Утро мы встретили у открытого настежь двустворчатого окна — я, Вася и Карат. Два человека курили, а собака, поставив передние лапы на подоконник, задумчиво смотрела вдаль, изредка кося на нас карими глазами…

— Слушай, Вася, тебе не на работу?

— Не. Мне хуже. Мне сейчас к Светке на разбор полетов. Где был, что делал, когда это прекратится… песня номер раз. Когда у тебя хозяин приезжает?

— Должен через неделю. Да скорей бы, надоело, что я тут, собака что ли, дом охранять! Да и Карату в лесу куда интереснее. Что он тут говном дышит?..

Карат с готовностью повернул голову в мою сторону, услыхав свою кличку. Я потрепал его по голове и погладил. Холодный нос ткнулся в ладонь.
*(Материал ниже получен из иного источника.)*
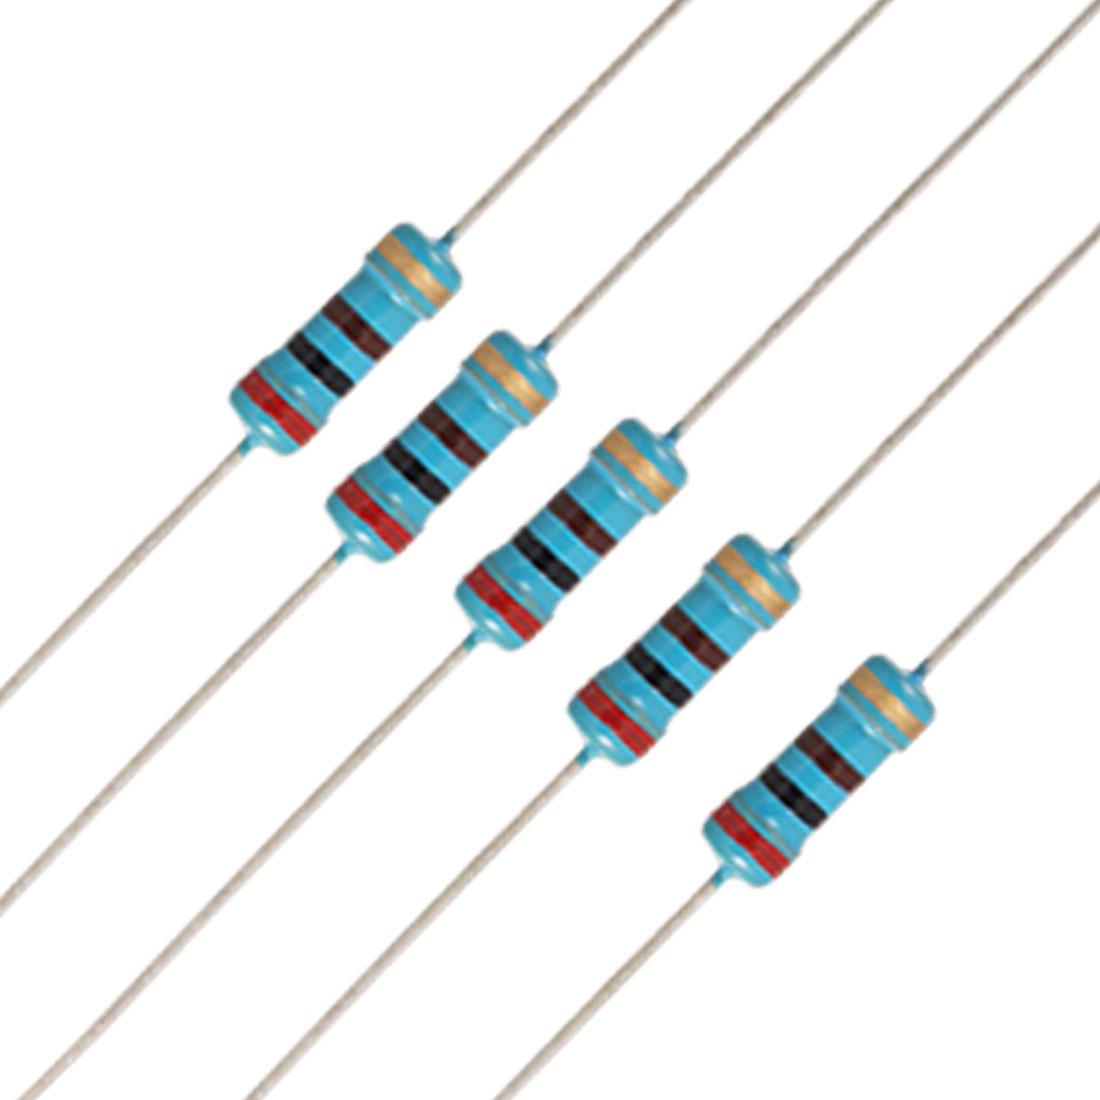 20 x 1/2W Watt 200 ohm 200R Carbon Film Resistor 0.5W

…Я жил в этой квартире на правах старого уже не друга, но еще хорошего знакомого Федора, восходящей научной звезды, отправленного на два месяца изображать ученого в Англию. Почему он остановил свой выбор на мне, я не знаю, но мне было ближе до работы, и я согласился. В квартире у Федора еще было почти пусто — он заселился незадолго перед отъездом, мебель старую оставил на месте, а новая была в проекте. Так что две табуретки и единственная новая вещь — диван в комнате были почти всей мебелью. Была еще одна причина моего здесь проживания — квартира эта была не совсем чистая и, чтобы не попасть под случайность, Федор был вынужден поселить человека с нужной в данном случае легендой. По легенде я был дальний родственник с криминальным прошлым и настоящим. Вид мой его, в этом смысле, вполне устраивал, поскольку незадолго перед моим переездом сюда я в пьяном виде ударился об косяк переносицей. Уснув вечером со сносной физиономией, к утру я проснулся с удивительными и абсолютно симметричными синяками под обеими глазами. Два дня гематомы набирали интенсивно-фиолетовый цвет, а после цвет пошел на убыль, сделав из меня великолепный образец сюрреализма. Улыбаясь, я показывал золотую коронку на правом клыке и, в сочетании с цветными тенями вокруг глаз, внушал если не ужас, то, во всяком случае, небольшой шок. Перед отъездом Федор огласил мою легенду всем нужным и ненужным людям и в полном спокойствии отбыл к берегам туманного Альбиона. Небольшое недоумение у меня вызвал тот факт, что легенда вкупе с моим новым имиджем произвела впечатление даже на людей, отлично меня знавших. Магия, однако! Но Вася был настолько далек от иллюзий и неврозов, что даже не улыбнулся, увидев меня и мы сразу начали обживать пространство с помощью водки. Через неделю у квартиры была самая восхитительная в мире репутация, а после того, как на шум были вызваны менты и одним из них оказался все тот же Васин брат, жилье обрело в довесок и славу непотопляемости, потому как в пьянку был вовлечен весь наряд милиции и даже недовольные соседи. Магия, однако, еще раз! Забегая вперед, должен сказать, что пятно позора расстроенный Федор смывал не один год.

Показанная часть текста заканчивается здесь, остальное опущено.